** Available data **
----

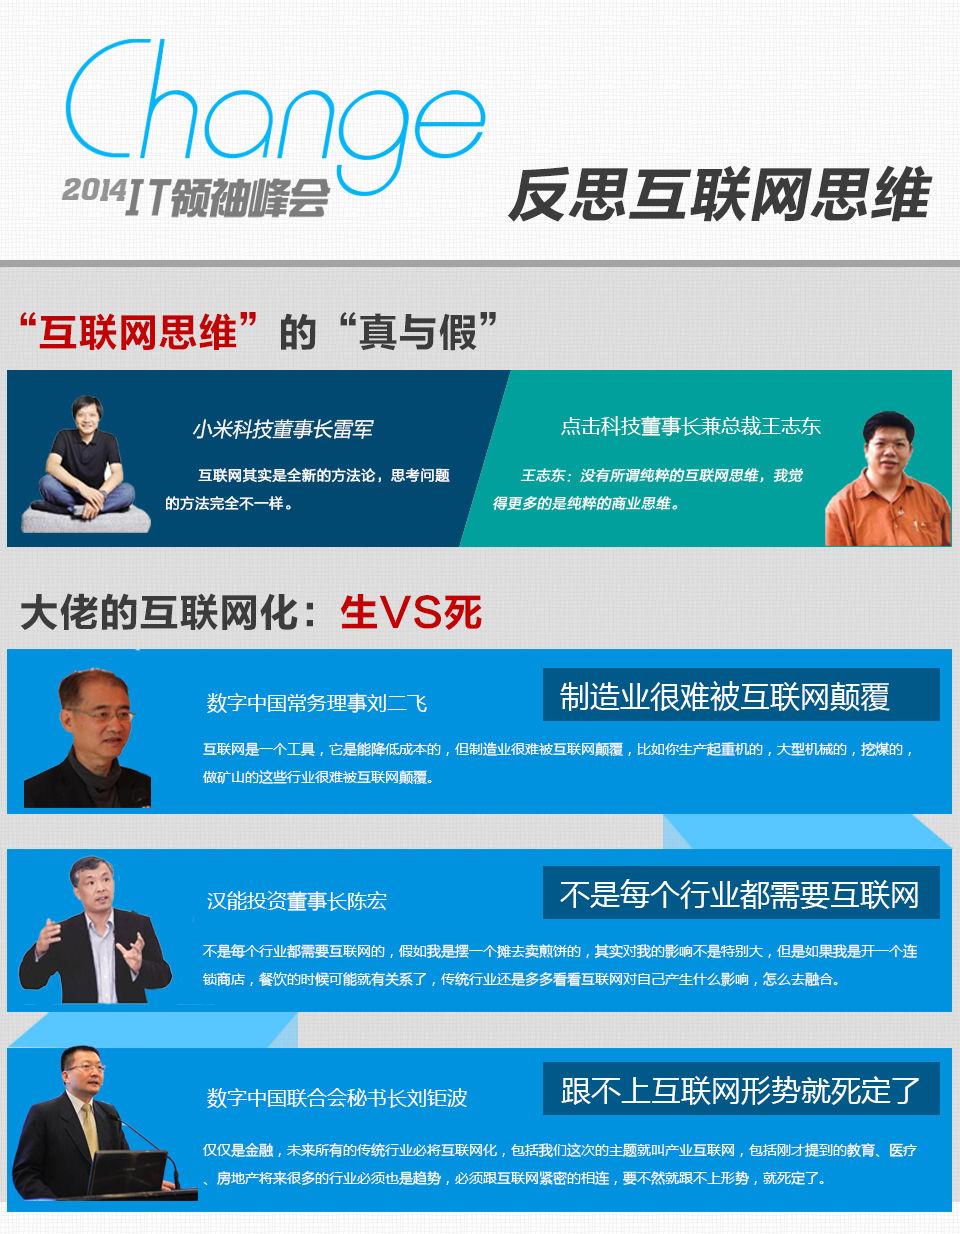 2014年IT领袖峰会
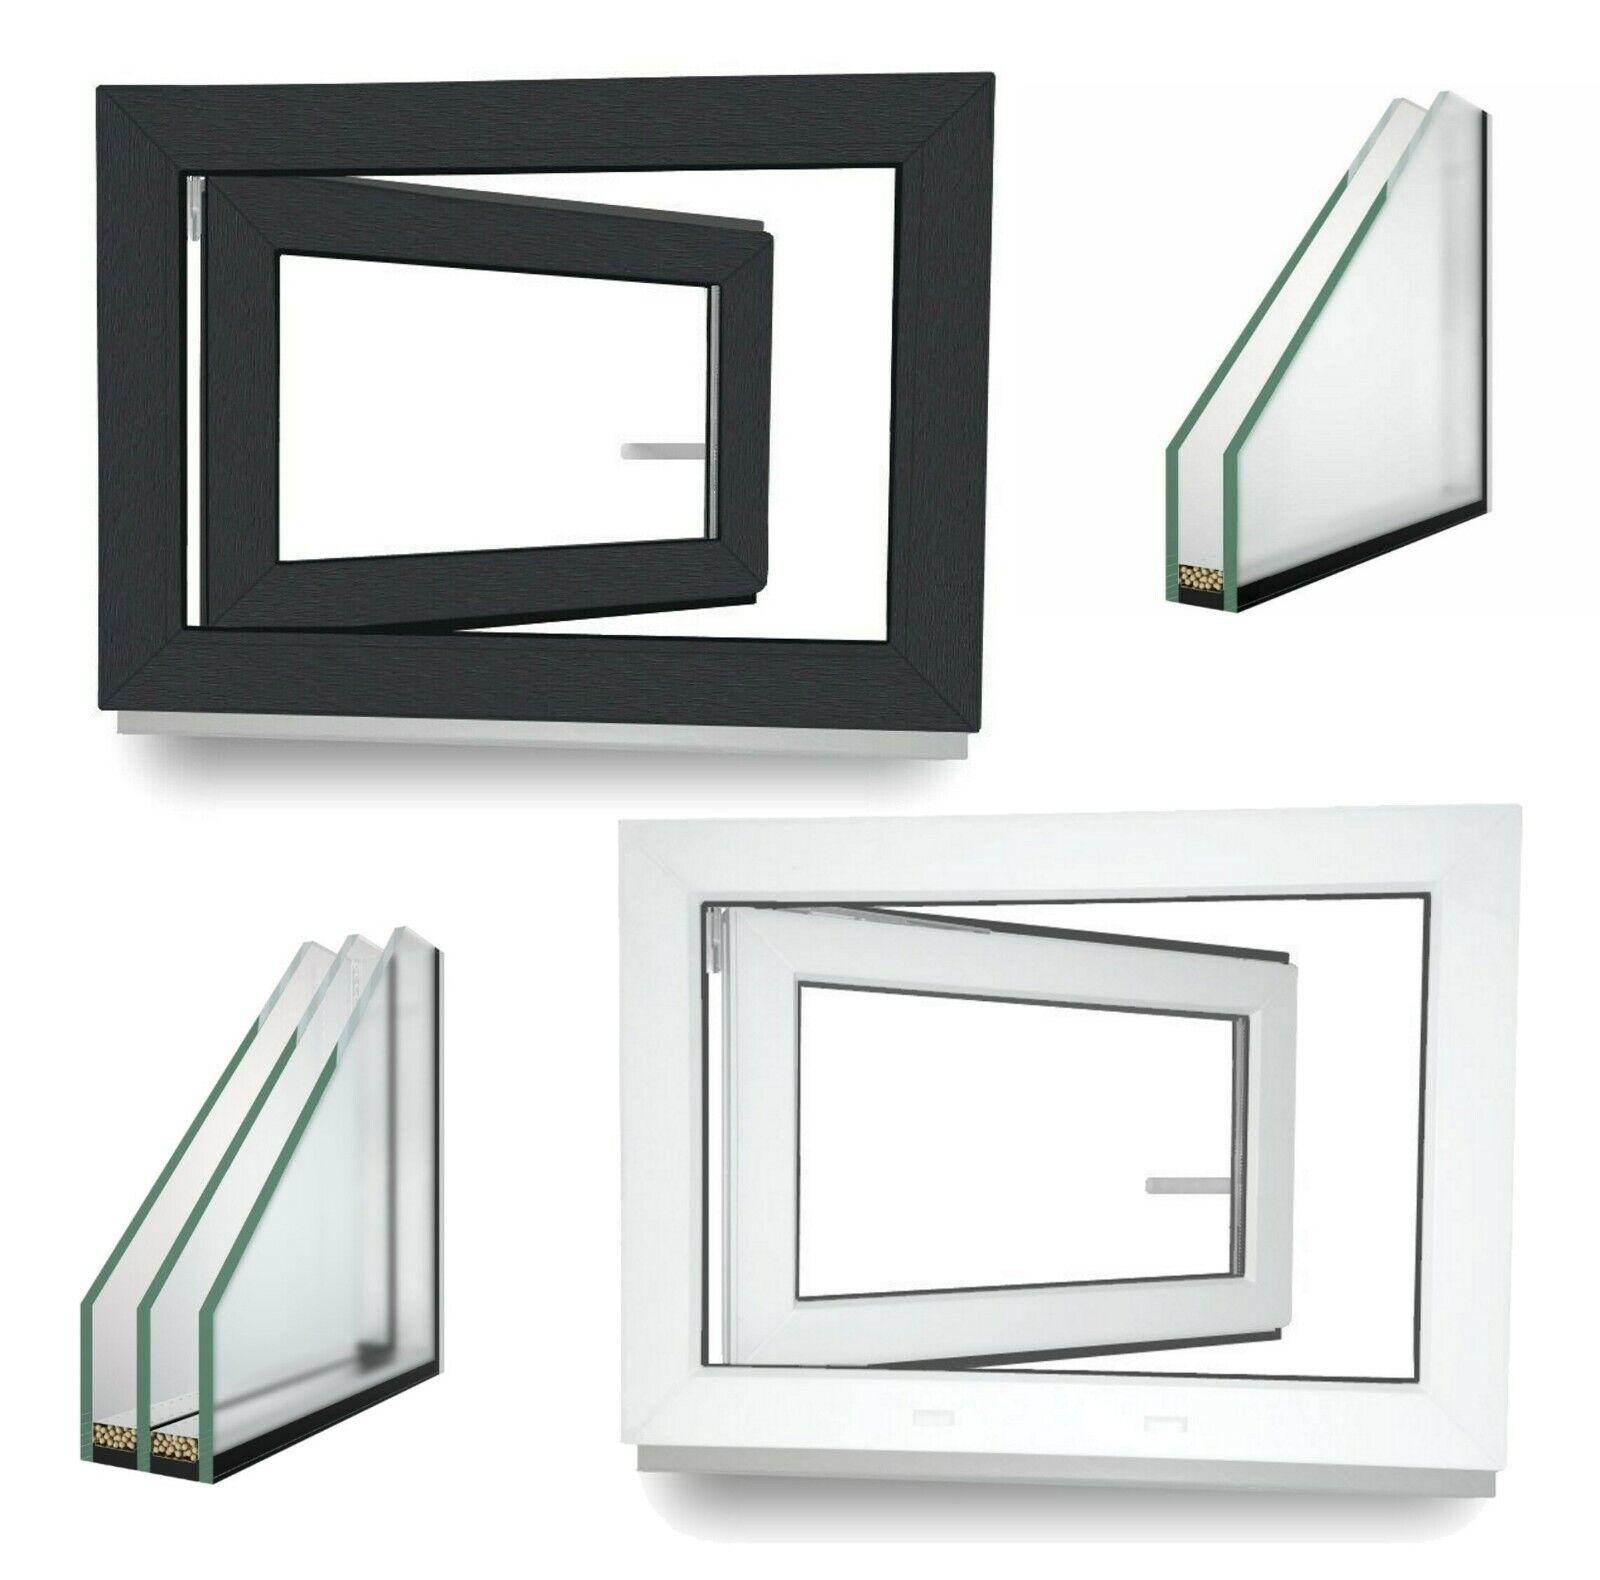 Kellerfenster Kunststoff Fenster Dreh Kipp 2 3 verglast weiß oder Anthrazit
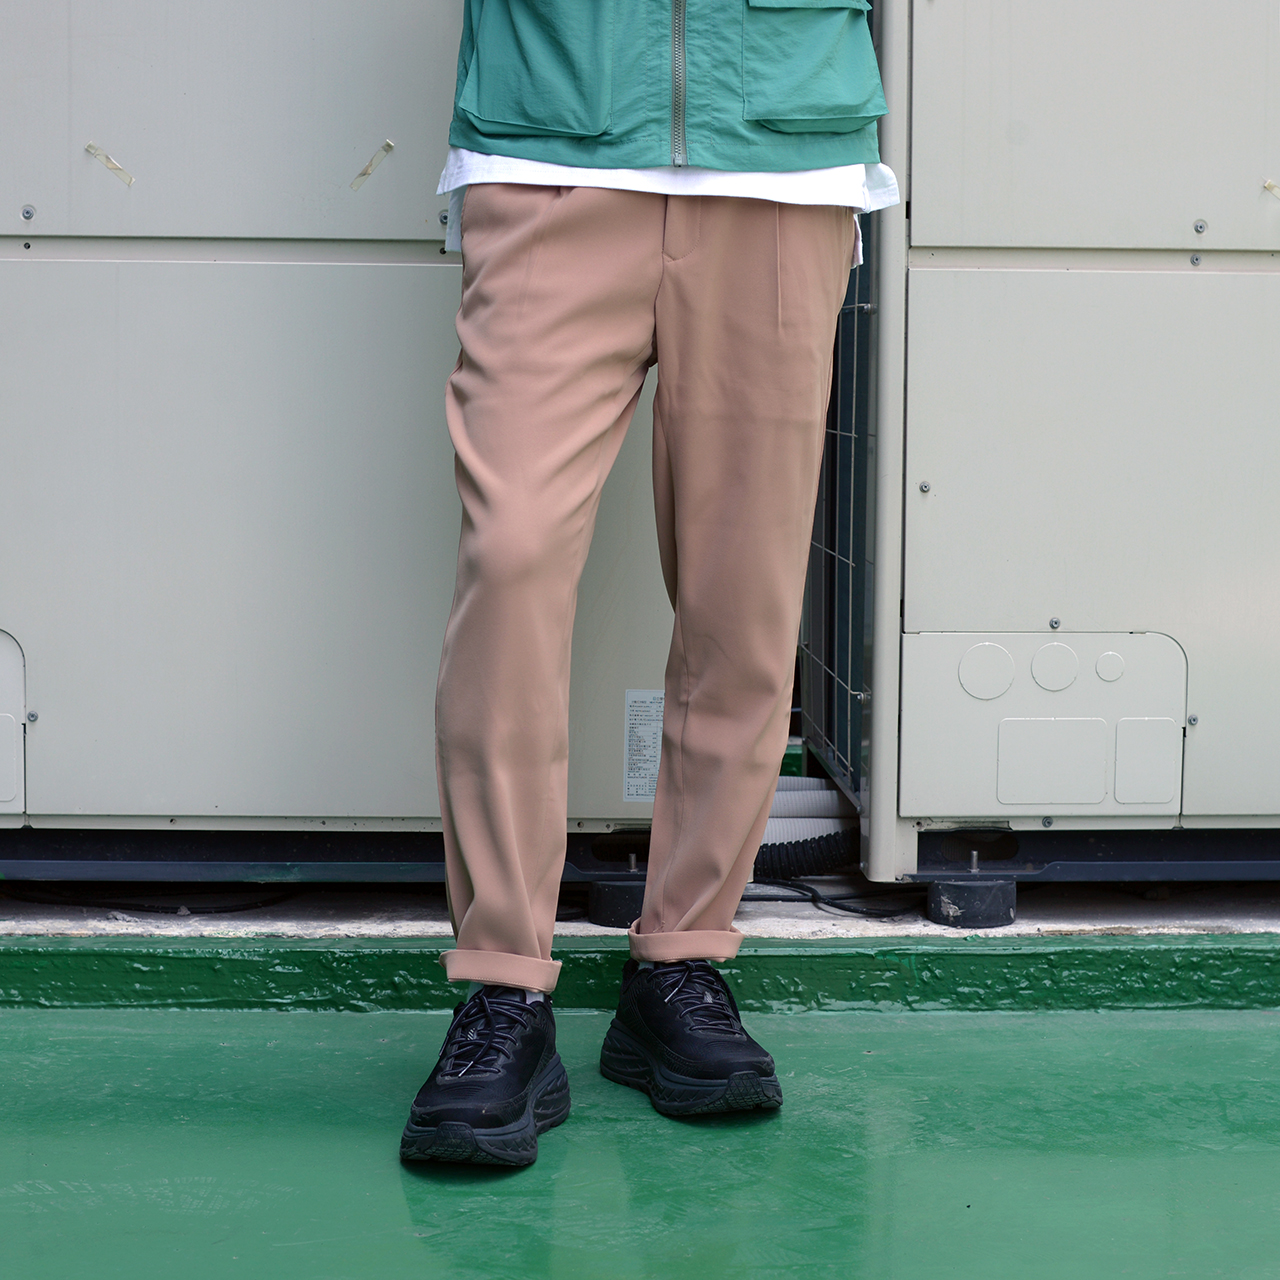 夏天穿搭,夏季穿搭,男生穿搭,街頭,西裝,休閒搭配,akko,akko 褲,一週搭配,街頭搭配,搭配型人,街頭型人,皮鞋,成套,AKKO褲,微寬褲,COP3563,1616 easy 長褲,New Balance M990v5,New Balance,春季穿搭,春天穿搭,春夏穿搭

----

** Your instructions **
Return the listing above unchanged, apart from dropping its pictures.

** Response to the task **
 2014年IT领袖峰会
 Kellerfenster Kunststoff Fenster Dreh Kipp 2 3 verglast weiß oder Anthrazit
 夏天穿搭,夏季穿搭,男生穿搭,街頭,西裝,休閒搭配,akko,akko 褲,一週搭配,街頭搭配,搭配型人,街頭型人,皮鞋,成套,AKKO褲,微寬褲,COP3563,1616 easy 長褲,New Balance M990v5,New Balance,春季穿搭,春天穿搭,春夏穿搭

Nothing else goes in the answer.